No, I don't. EINJ provides a hardware error injection mechanism to develop
and debug firmware code and hardware RAS feature. While we test on Arm
platform, it cannot meet the original timeout limit. Therefore, we send
this patch to relax the upper bound of timeout. In order to facilitate
other platforms to encounter the same problems, we expose timeout as a
configurable parameter in user space.
>> struct set_error_type_with_address {
>> u32 type;
>> @@ -171,12 +173,12 @@ static int einj_get_available_error_type(u32 *type)
>>
>> static int einj_timedout(u64 *t)
>> {
>> - if ((s64)*t < SPIN_UNIT) {
>> + if ((s64)*t < SLEEP_UNIT) {
>> pr_warn(FW_WARN "Firmware does not respond in time\n");
>> return 1;
>> }
>> - *t -= SPIN_UNIT;
>> - ndelay(SPIN_UNIT);
>> + *t -= SLEEP_UNIT;
>> + msleep(SLEEP_UNIT);
>> touch_nmi_watchdog();
>
> Since we are sleeping instead of spinning, maybe we don't need to
> touch the nmi watchdog?
Agree. I will delete it in next version.
Regards,
Shuai
On 2021/10/23 AM7:54, Luck, Tony wrote:
> On Fri, Oct 22, 2021 at 09:44:24PM +0800, Shuai Xue wrote:
>> When injecting an error into the platform, the OSPM executes an
>> EXECUTE_OPERATION action to instruct the platform to begin the injection
>> operation. And then, the OSPM busy waits for a while by continually
>> executing CHECK_BUSY_STATUS action until the platform indicates that the
>> operation is complete. More specifically, the platform is limited to
>> respond within 1 millisecond right now. This is too strict for some
>> platforms.
>>
>> For example, in Arm platform, when injecting a Processor Correctable error,
>> the OSPM will warn:
>> Firmware does not respond in time.
>>
>> And a message is printed on the console:
>> echo: write error: Input/output error
>>
>> We observe that the waiting time for DDR error injection is about 10 ms
>> and that for PCIe error injection is about 500 ms in Arm platform.
>>
>> In this patch, we relax the response timeout to 1 second and allow user to
>> pass the time out value as a argument.
>>
>> Signed-off-by: Shuai Xue <xueshuai@xxxxxxxxxxxxxxxxx>
>> ---
>> Changelog v1 -> v2:
>> - Implemented the timeout in msleep instead of udelay.

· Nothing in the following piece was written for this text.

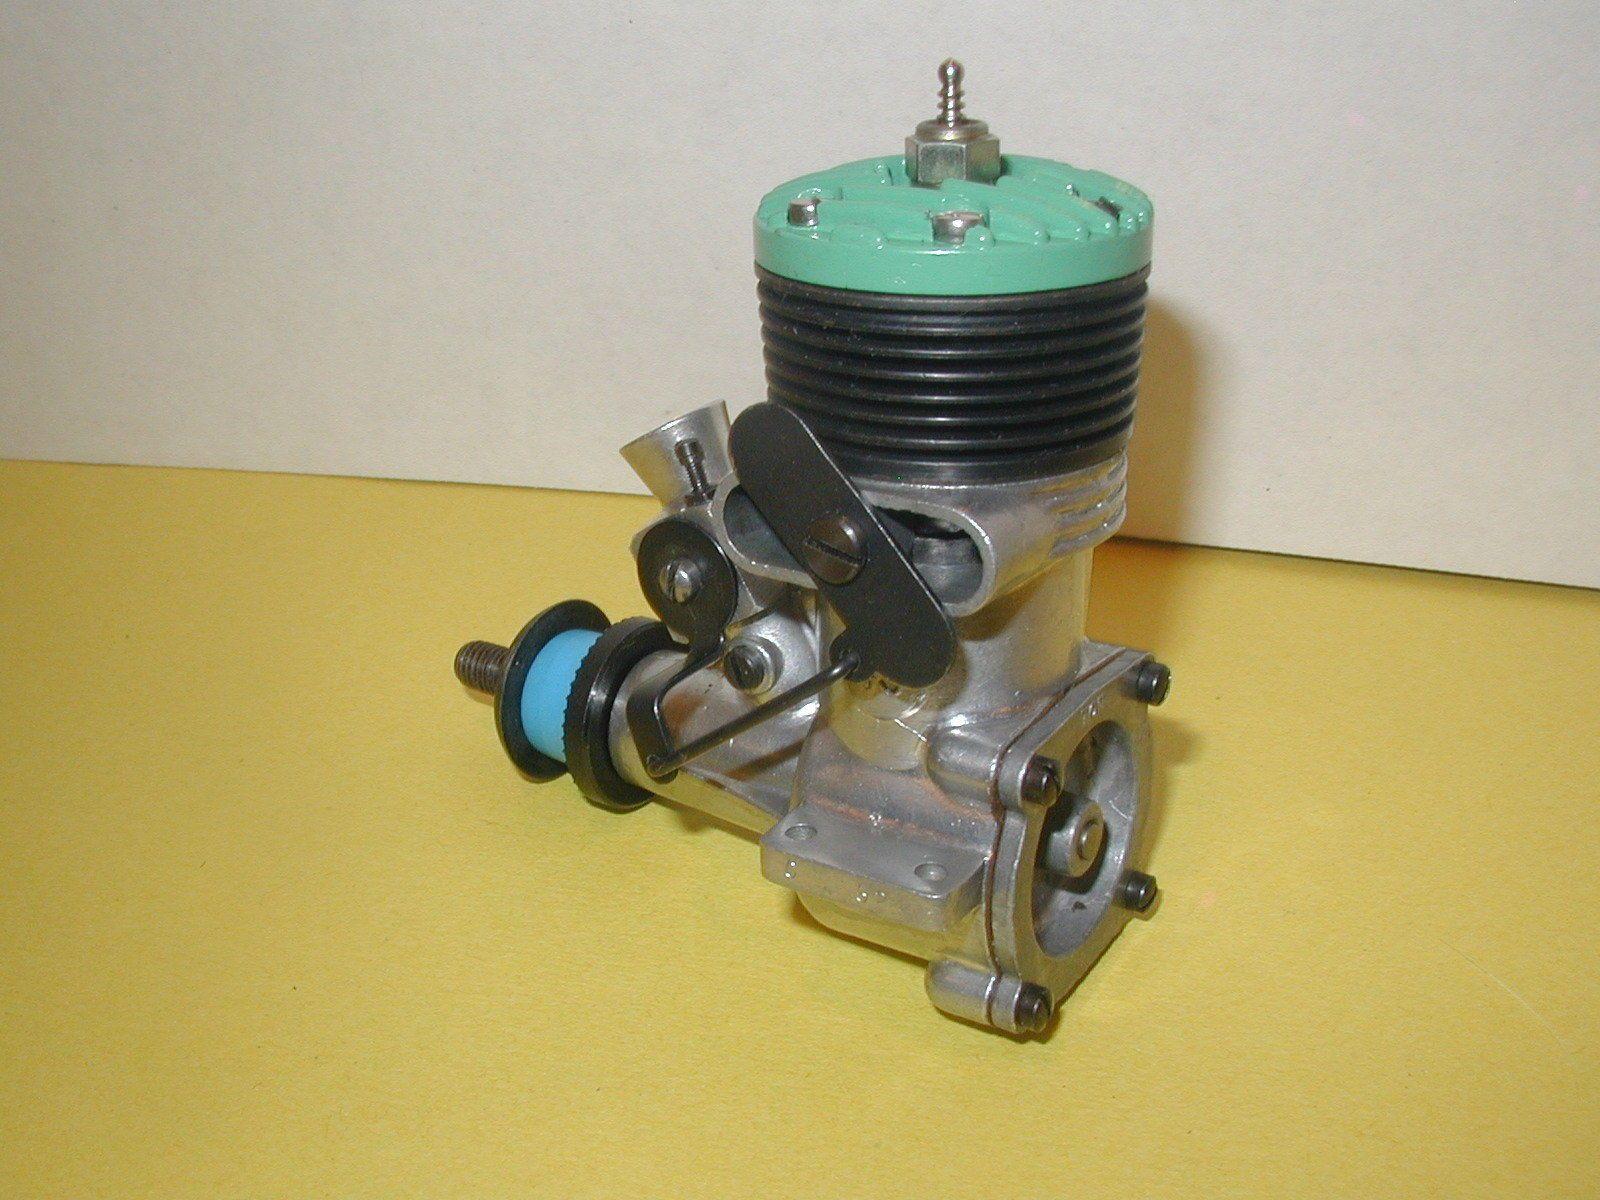 Kb Green Head Torpedo 45 R C Model Airplane Engine Ebay Ford Tractor 3600 Wiring Harness K B

>> - Link to the v1 patch: https://lkml.org/lkml/2021/10/14/1402
>> ---
>> drivers/acpi/apei/einj.c | 16 +++++++++-------
>> 1 file changed, 9 insertions(+), 7 deletions(-)
>>
>> diff --git a/drivers/acpi/apei/einj.c b/drivers/acpi/apei/einj.c
>> index 133156759551..e411eb30e0ee 100644
>> --- a/drivers/acpi/apei/einj.c
>> +++ b/drivers/acpi/apei/einj.c
>> @@ -28,9 +28,9 @@
>> #undef pr_fmt
>> #define pr_fmt(fmt) "EINJ: " fmt
>>
>> -#define SPIN_UNIT 100 /* 100ns */
>> -/* Firmware should respond within 1 milliseconds */
>> -#define FIRMWARE_TIMEOUT (1 * NSEC_PER_MSEC)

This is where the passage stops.